**What needs to be done**:
From the data below, return only the lines from the one with "Delphina Mit dem" through the one with "白色衬衣领烫钻蕾丝上衣", exact and inclusive, with pictures left out.

**Source records**:
[Start of section]
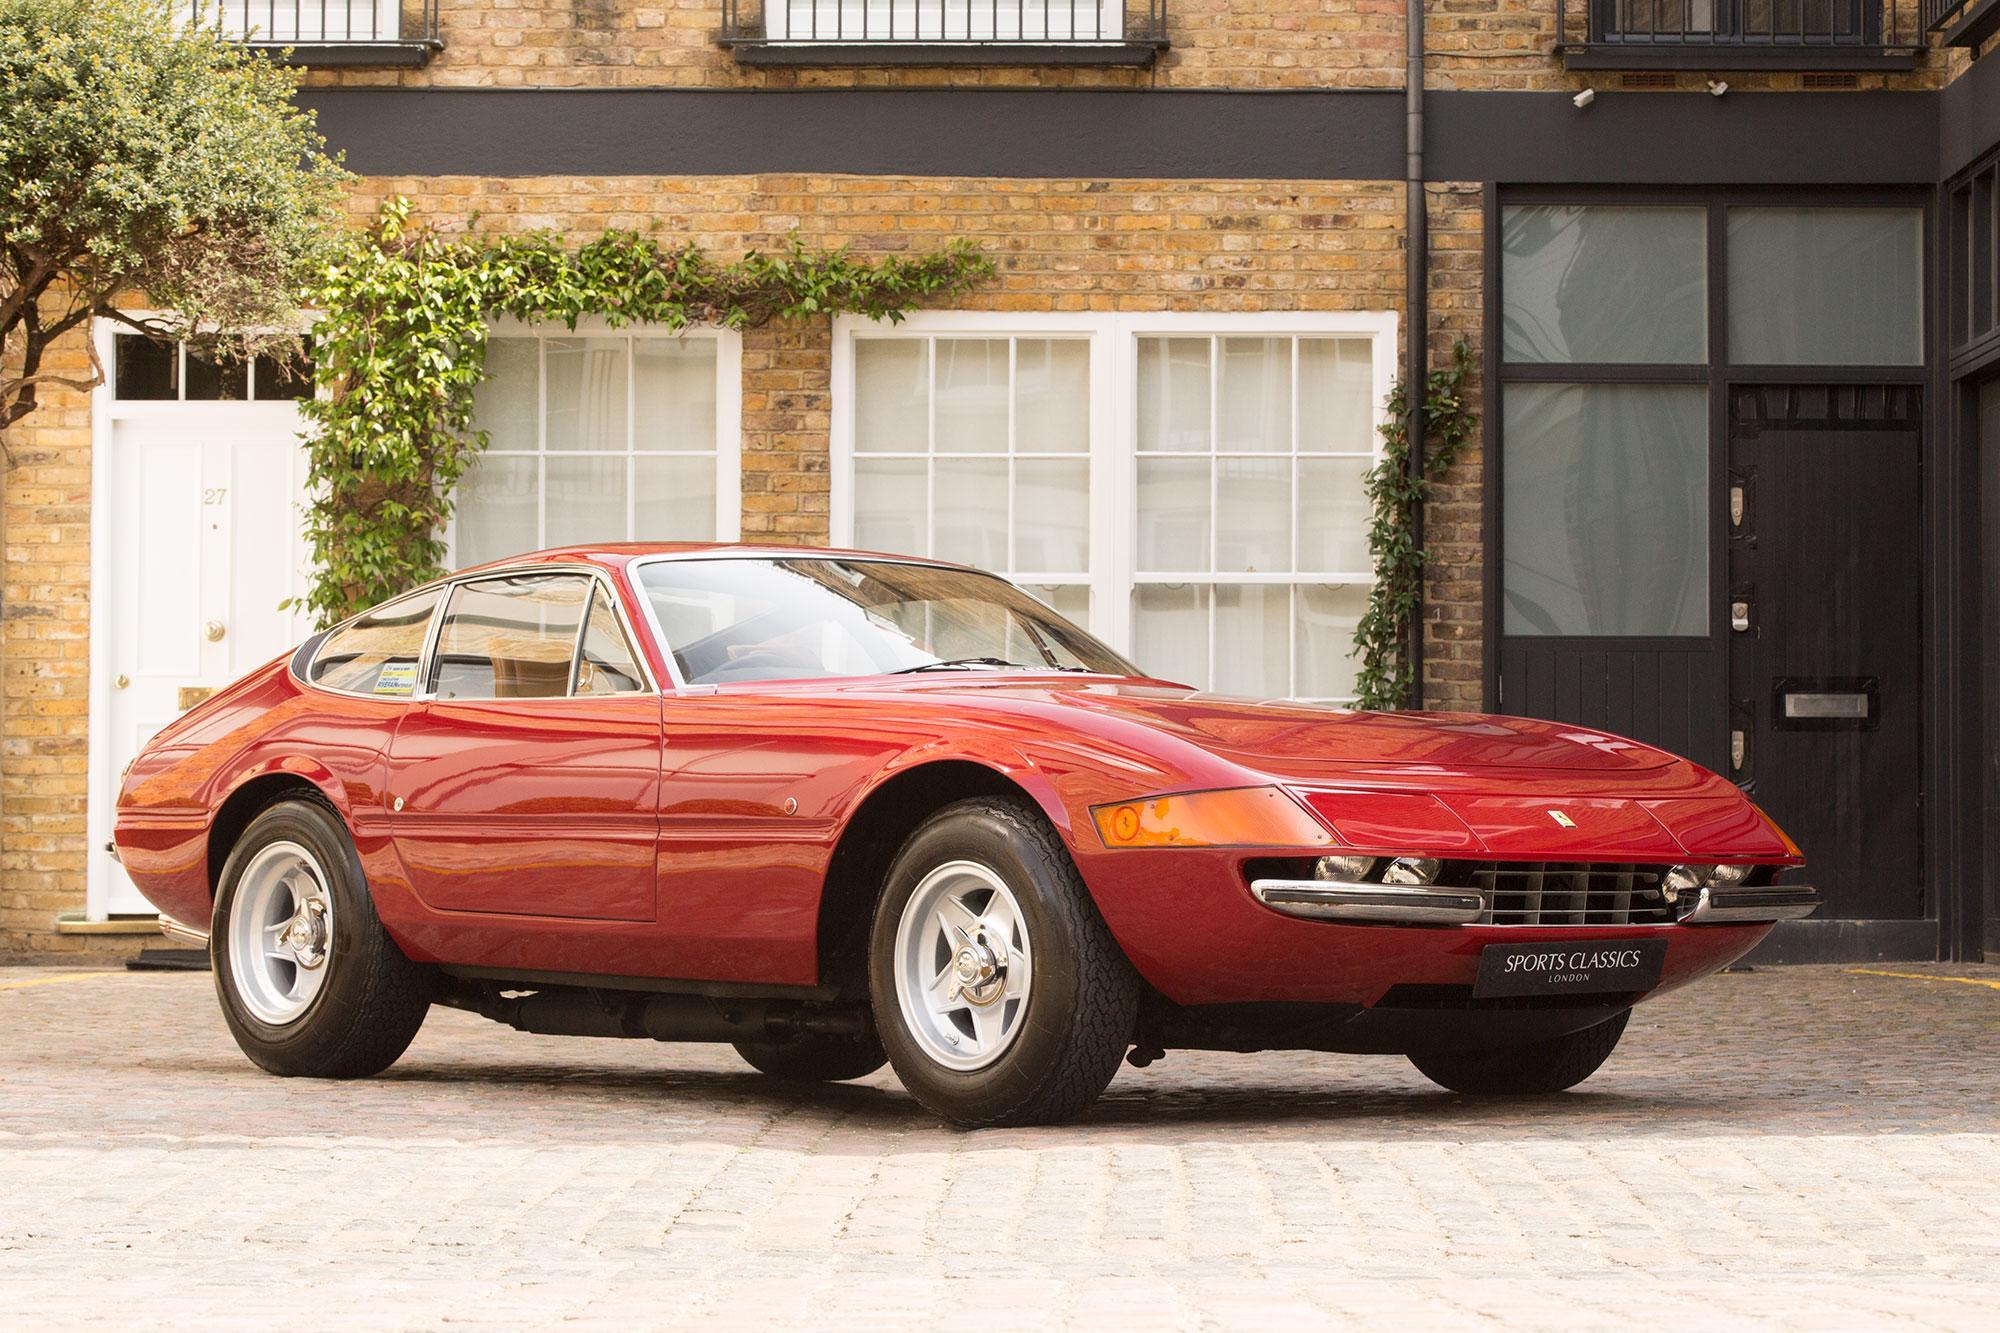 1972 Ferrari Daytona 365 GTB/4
[End of section]
[Start of section]
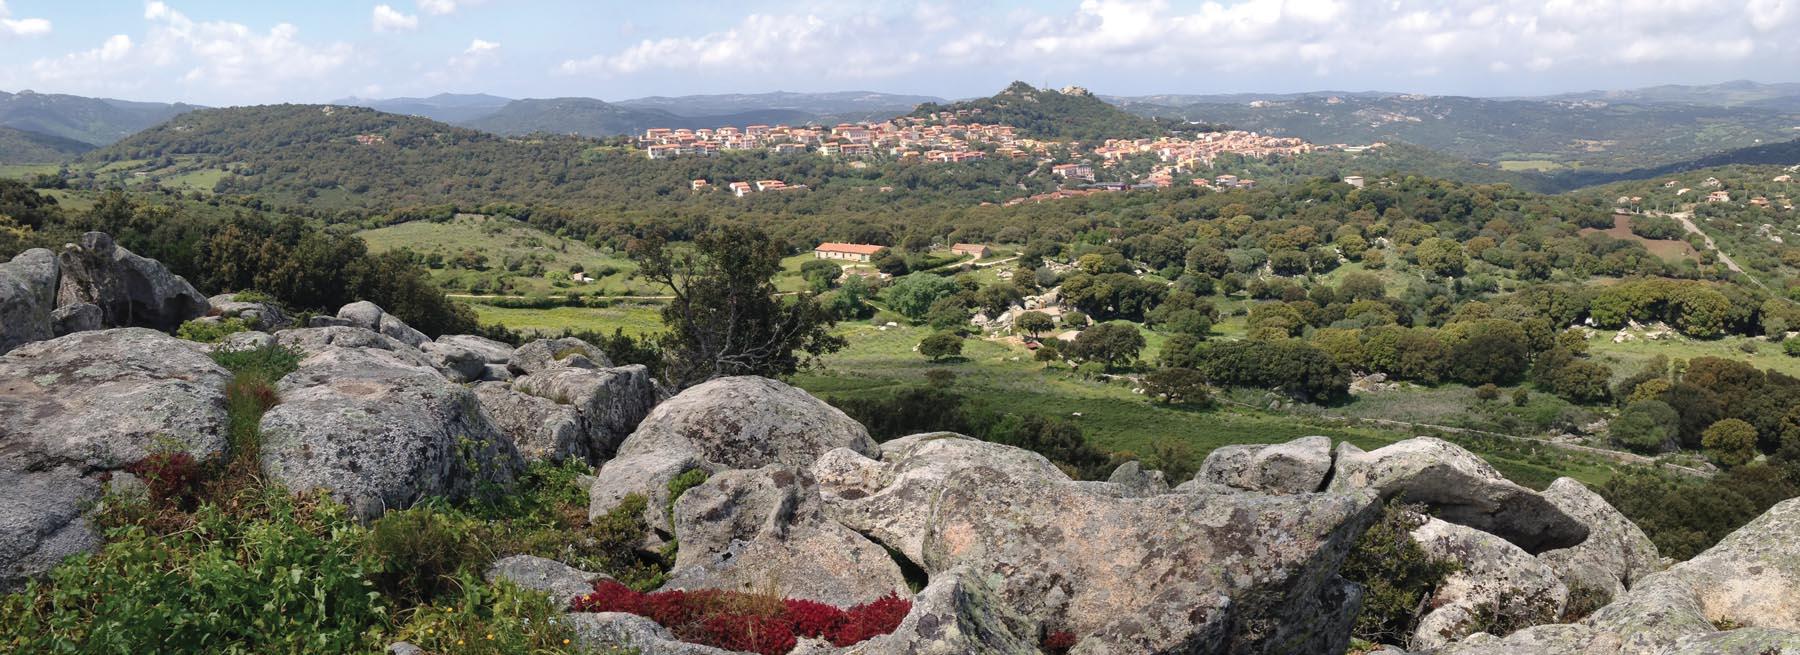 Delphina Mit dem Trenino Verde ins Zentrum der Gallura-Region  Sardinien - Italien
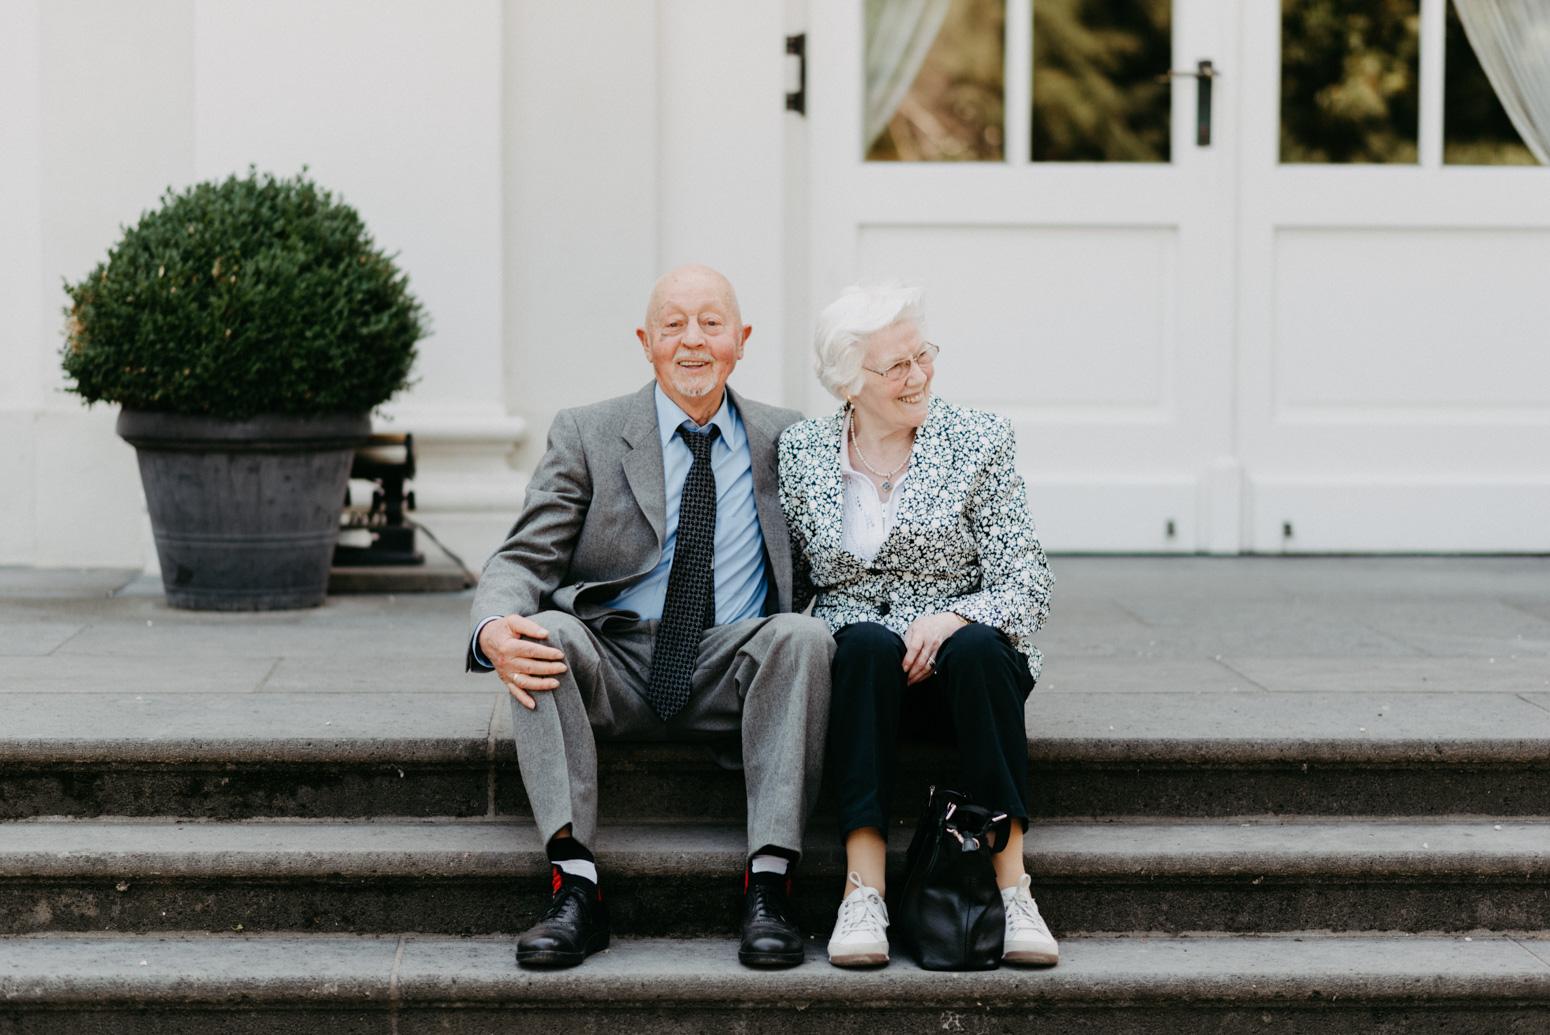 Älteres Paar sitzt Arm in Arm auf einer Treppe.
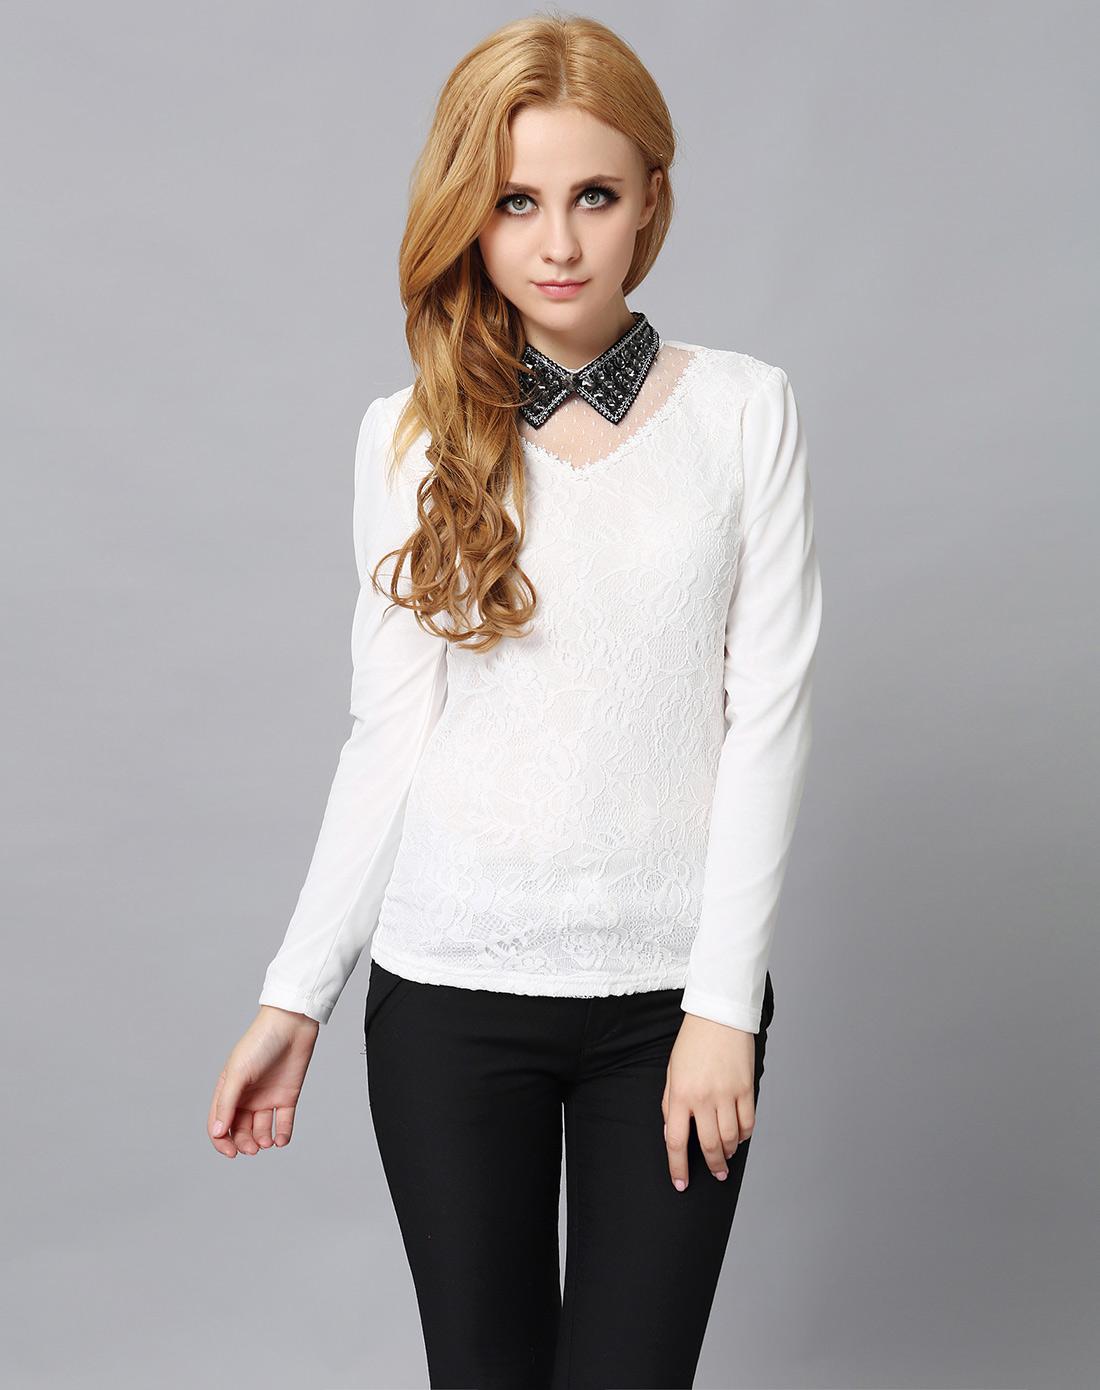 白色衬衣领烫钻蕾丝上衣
[End of section]
[Start of section]
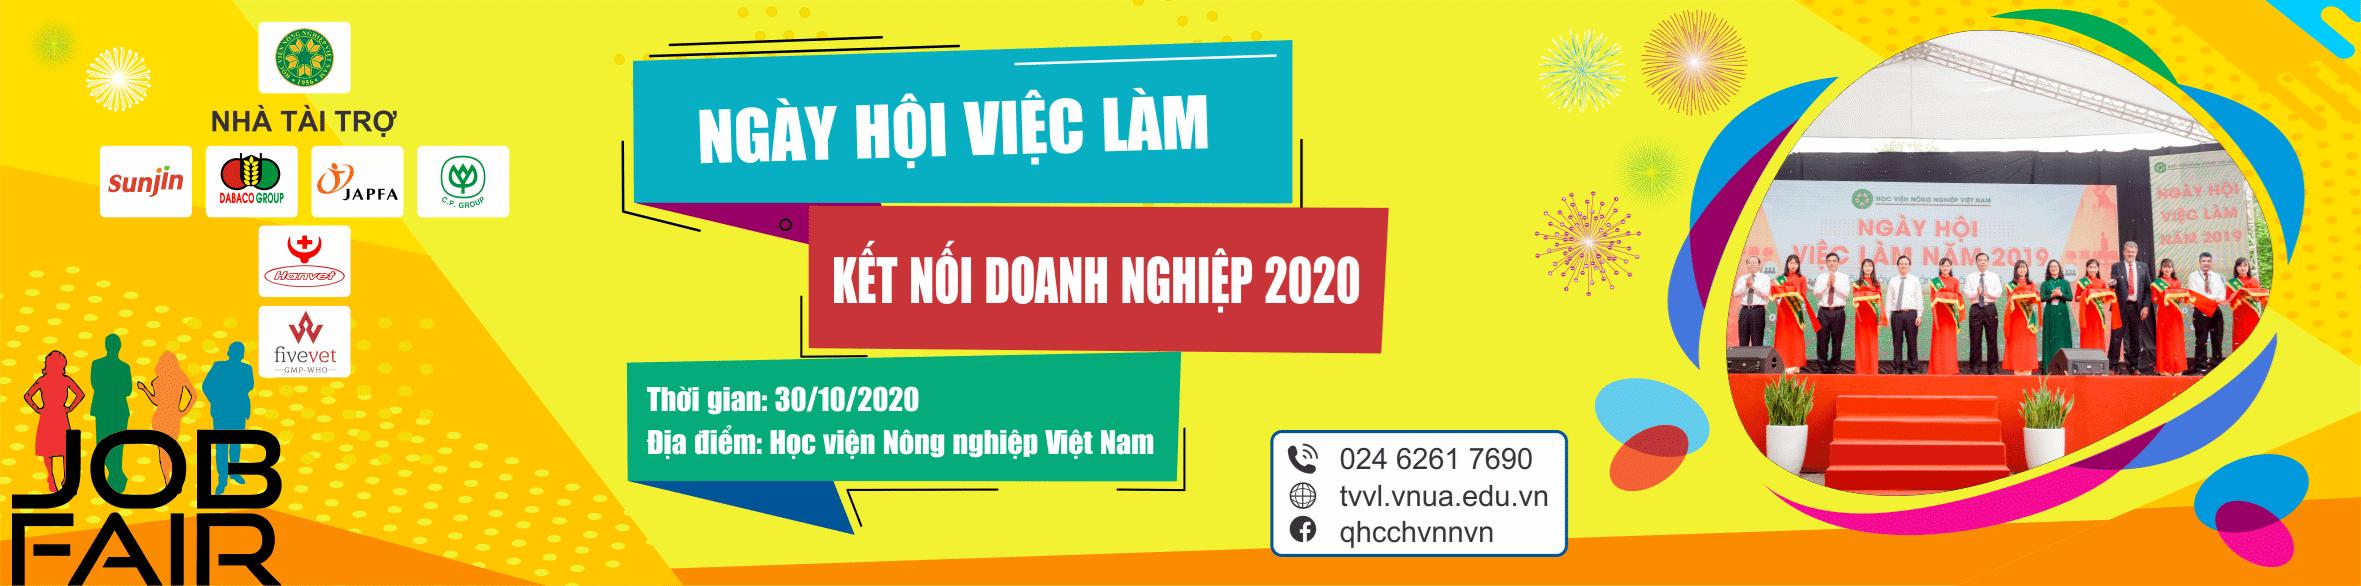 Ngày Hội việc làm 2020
[End of section]
**Solution**:
 Delphina Mit dem Trenino Verde ins Zentrum der Gallura-Region  Sardinien - Italien
 Älteres Paar sitzt Arm in Arm auf einer Treppe.
 白色衬衣领烫钻蕾丝上衣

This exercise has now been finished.